Component 3: Regression to the Mean
When employees form noisy beliefs about their colleagues, the pool of employees is likely to exhibit regression to the mean. On average, employees with extreme forecasts will realize less extreme received help. This effect is a fundamental property of chance models in which variables are subject to random variation (Denrell et al., 2015). Mathematically, if X is a random variable representing beliefs about help and Y is a random variable representing received help, then the expected difference E[Y−X] is negative if we only observe Y when X is large. The intuition for this effect comes by considering forecasts versus received help as two different tests. Naturally, some employees will form very high (low) assessments relative to others. If we select some subset of employees on this first test and then observe scores on a second test (received help), the scores on the second will regress not toward assessments but toward the mean levels of help across the entire group. Such a phenomenon can be witnessed in many domains, including medicine, sports, and business (Bland & Altman, 1994). Denrell et al. (2019) show that regression to the mean in employee performance will occur whenever performance is due to both skill and luck (noise). Denrell and Liu (2012) discuss the conditions under which regression to the mean becomes disproportionately greater for extreme compared to moderate forecasters. Regression to the mean is also observed in studies of wealth (Levy & Levy, 2003), stock market returns (Blattberg & Gonedes, 1974), number of citations (Baum, 2011; Radicchi et al., 2008) and firm size (Coad, 2009). We suggest that the help employees receive after forming noisy assessments of potential exhibits regression toward the mean.

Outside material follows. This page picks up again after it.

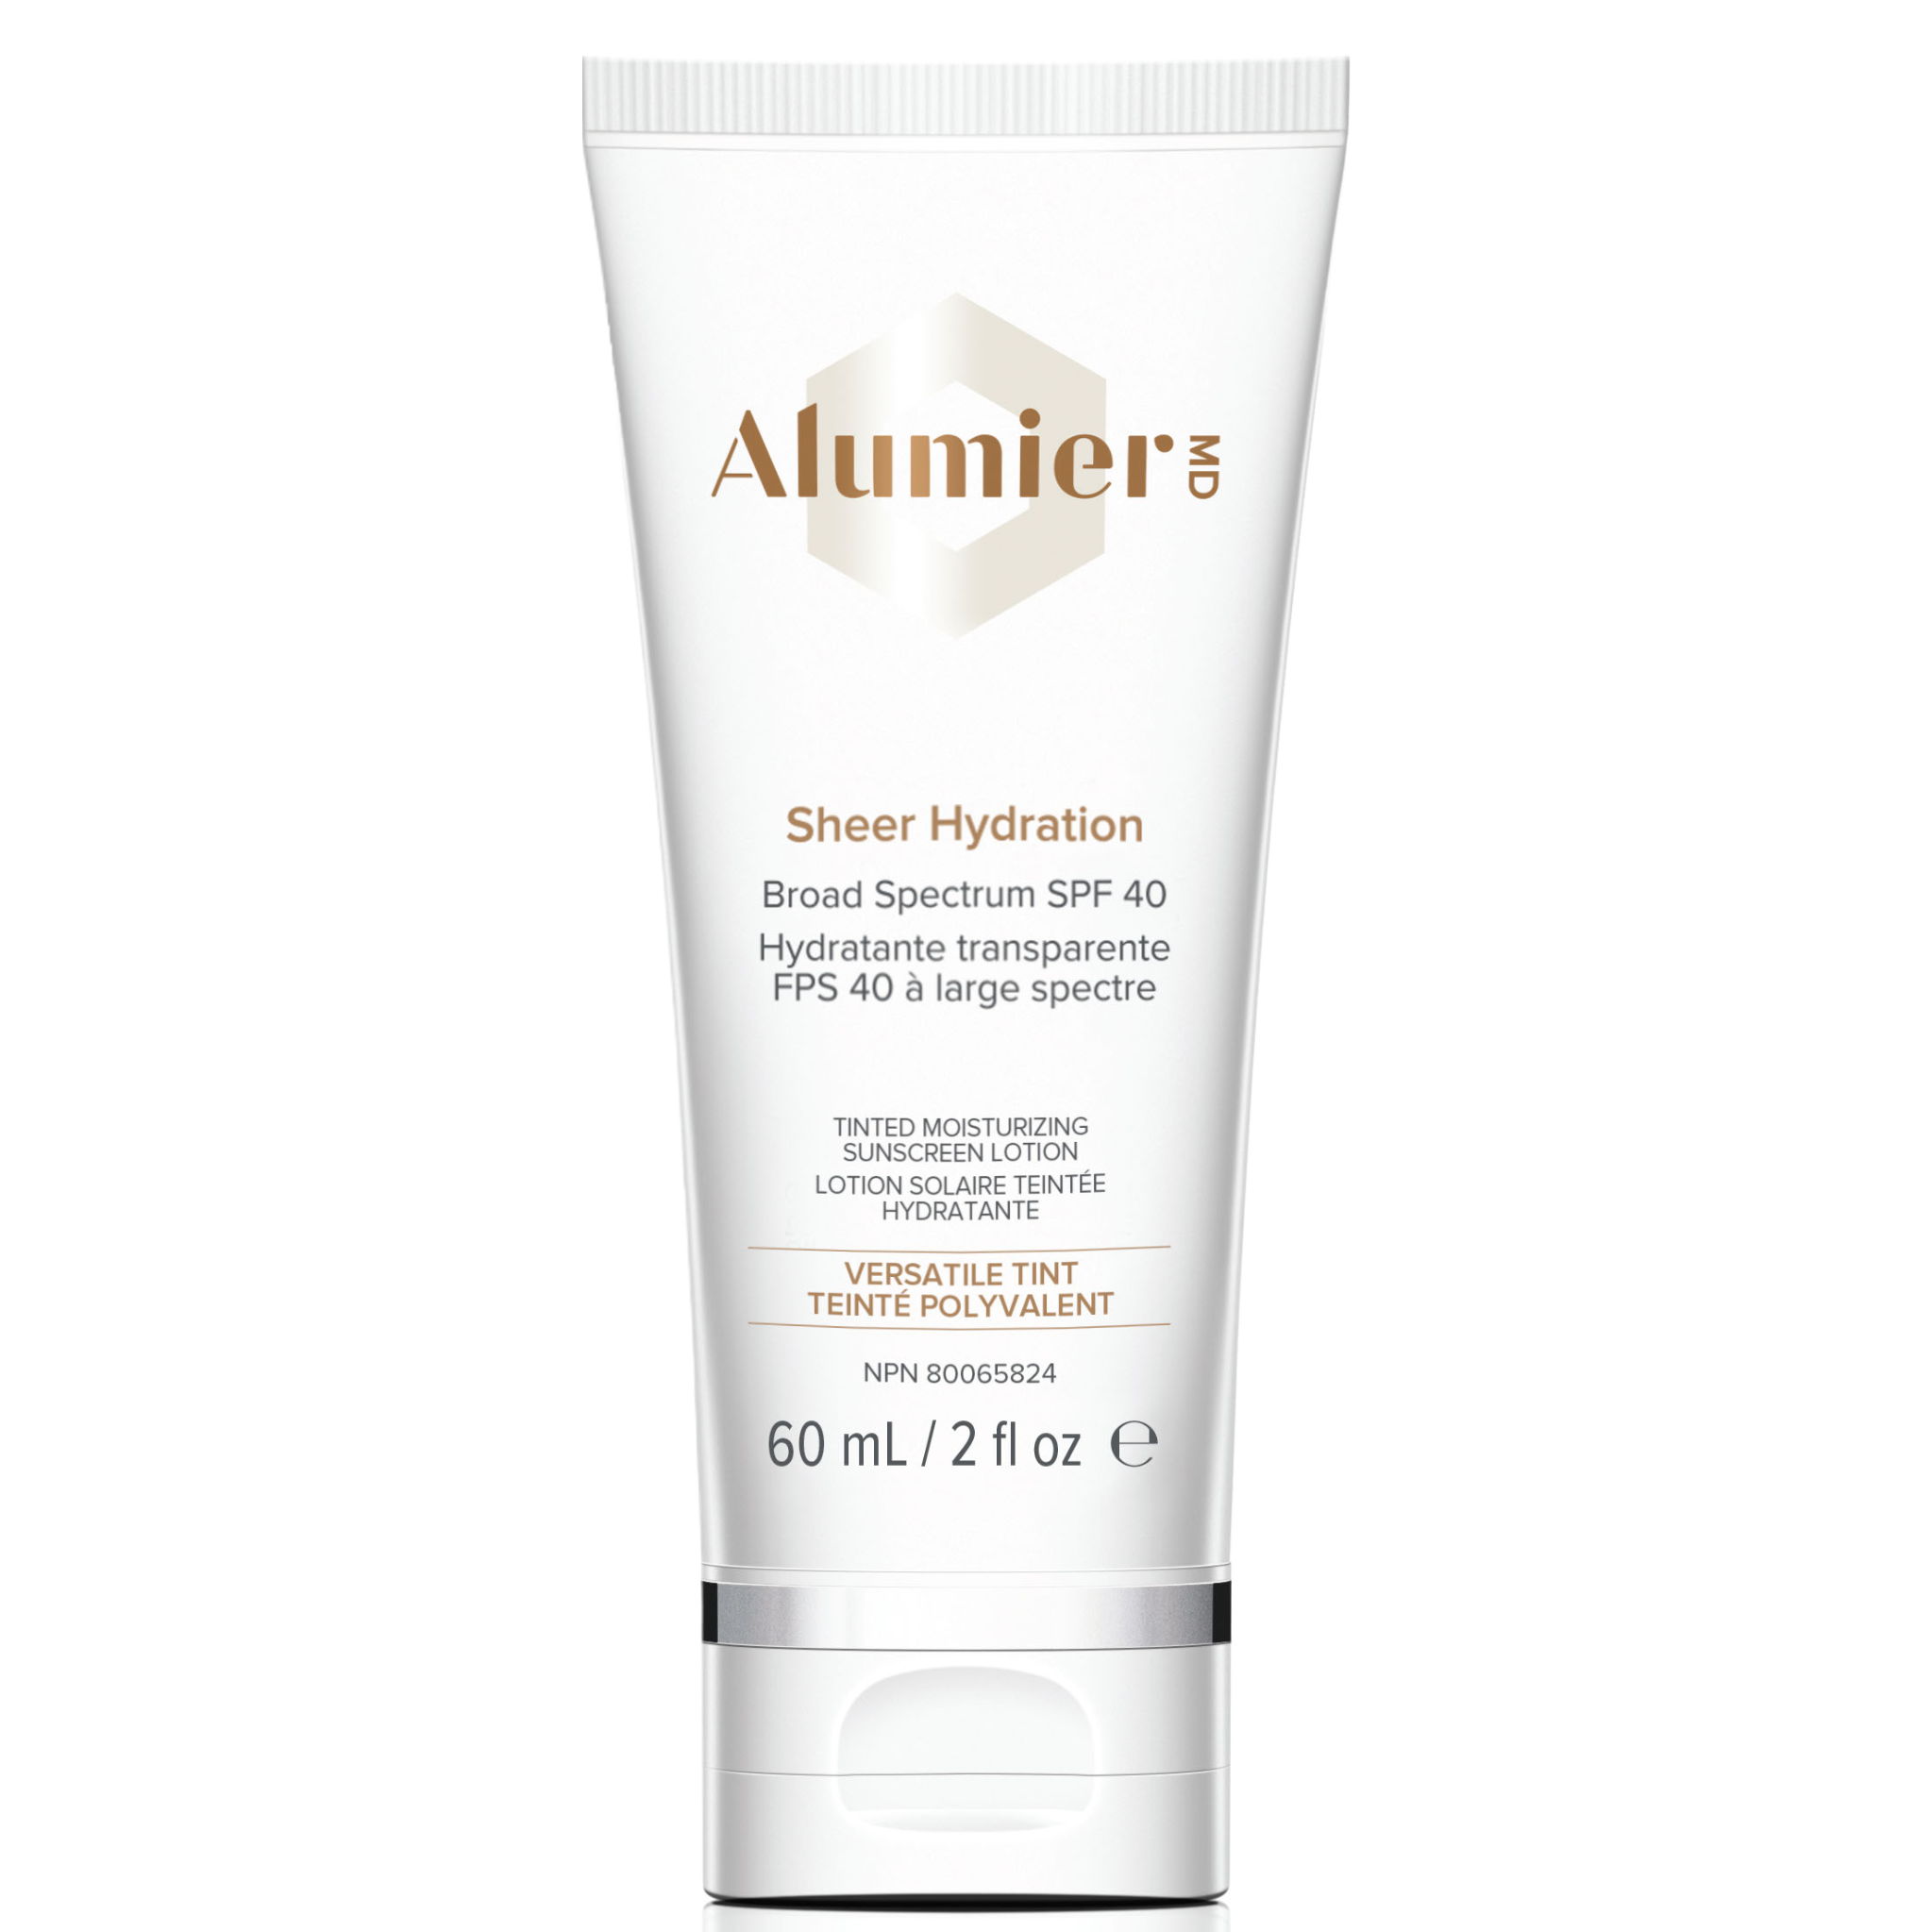 Alumier MD | Sheer Hydration Broad Spectrum SPF 40 Versatile Tint (60ml)

Component 4: Self-Selection
The last component is self-selection: a favorable assessment yields a greater likelihood of requesting help. Several areas of research suggest that one's assessment of possible help predicts whether he or she requests it. van der Rijt et al. (2013) find that awareness of a target's expertise and accessibility are positively associated with the likelihood of seeking help from that individual. Similar results are observed among middle-school students (Ryan & Pintrich, 1997), college and graduate students (Cramer, 1999; Dearing et al., 2005; Hammer & Vogel, 2013; Hütter & Ache, 2016), and among CEO's asking for advice from executives at other organizations (Vestal & Guidice, 2019). That said, not all who consider asking for help actually do. Even if an employee renders a forecast, he or she may not subsequently call upon others. People often withhold asking for help despite being aware of its potential (Black, 2016; Bohns & Flynn, 2010; Dixon, 2004; Organ et al., 2016; Tugend, 2007). An alternative way to describe this scenario—employees using assessments to determine whether to ask for help—is that employees make “enter” or “exit” decisions, similar to entrepreneurs making noisy assessments of demand to decide whether they should enter a market (Hogarth & Karelaia, 2012). When employee assessments of help potential are favorable, they decide to “enter” in the sense that they send a request, whereas those with unfavorable assessments withhold from action.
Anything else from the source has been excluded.